Table 1 below indicates the scale of the personnel changes expected in 2012 and 2013 in China's leading decision-making bodies due solely to age limits. Some of the governing bodies listed here may shed additional members because of illness or because of the movement of members among leadership bodies.

Table 1. Expected Turnover in Top Governing Bodies in 2012-2013

Governing body

Current Number of Members

Minimum Number of Members Expected to Retire

Party Politburo Standing Committee (the Communist Party's most elite decision-making body)

9

7

Party Politburo (the Party's next most elite decision-making body)

24

14a

Party Central Military Commission (committee that oversees the military)

12

7b

Party Central Committee (broadest Party leadership group)

204 full; 167 alternate

Approx. 60%-65%c

State Council Executive Committee (most senior State decision-making body)

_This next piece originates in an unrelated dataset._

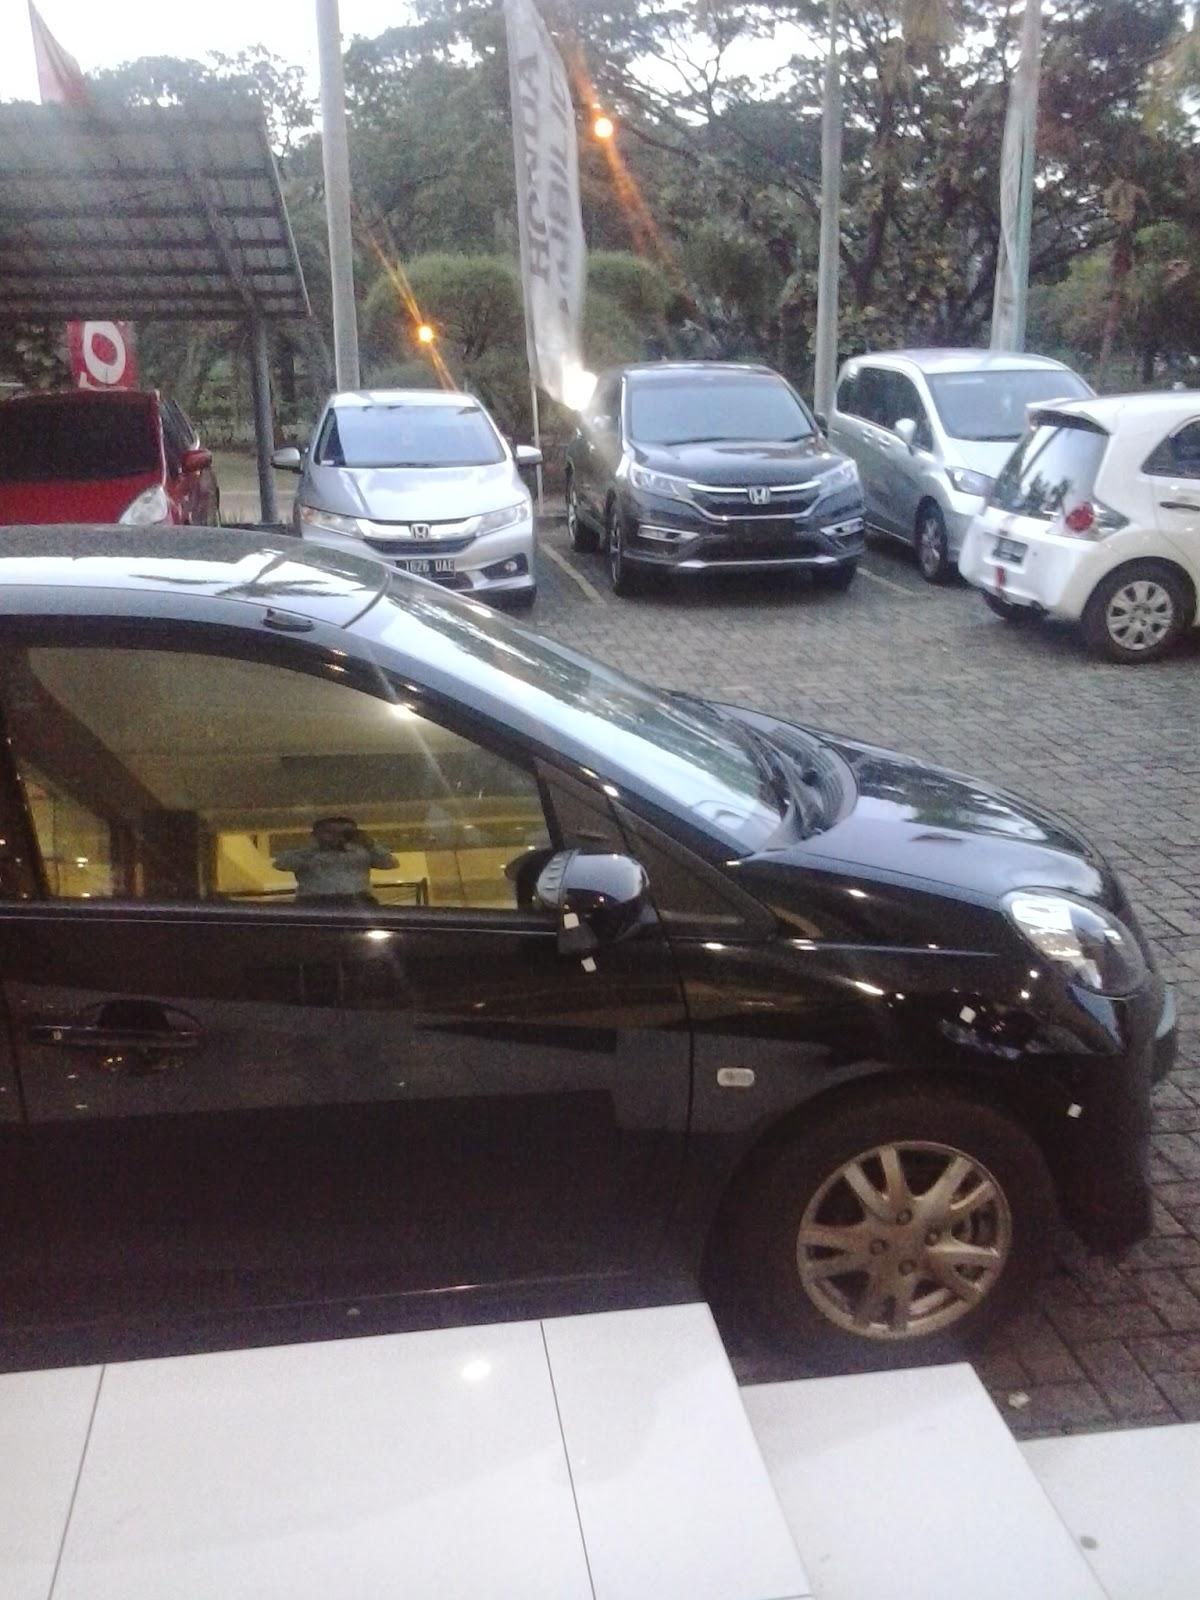 Honda Serang Baru - dealer Mobil - Sales honda

11 (Premier, four vice premiers, five State councilors, and Secretary General)

4

State Council (China's cabinet)

36d (Executive Committee plus heads of 22 ministries, 3 commissions, Central Bank, and National Audit Office)

13

Source: CRS research.

Notes: Members expected to retire are considered to be those born before 1945.

a. The Politburo began its current term with 25 members. One member, disgraced former Chongqing Party Secretary Bo Xilai, age 62, was suspended from the Politburo and then expelled from the Party in 2012. Fourteen Politburo members are expected to retire at the 18th Party Congress, including the seven who sit concurrently on the Politburo Standing Committee.

b. The minimum number of members of the Central Military Commission expected to retire—seven—does not include current CMC Chairman Hu Jintao, who is 69, but who could follow his predecessor's example and remain in the CMC post for up to two years after giving up his other posts. The Party has not so far enforced an age limit for the post of CMC Chairman.

c. Cheng Li, "Preparing for the 18th Party Congress: Procedures and Mechanisms," China Leadership Monitor, no. 36 (January 6, 2012), p. 7, http://www.hoover.org/publications/china-leadership-monitor/article/104241.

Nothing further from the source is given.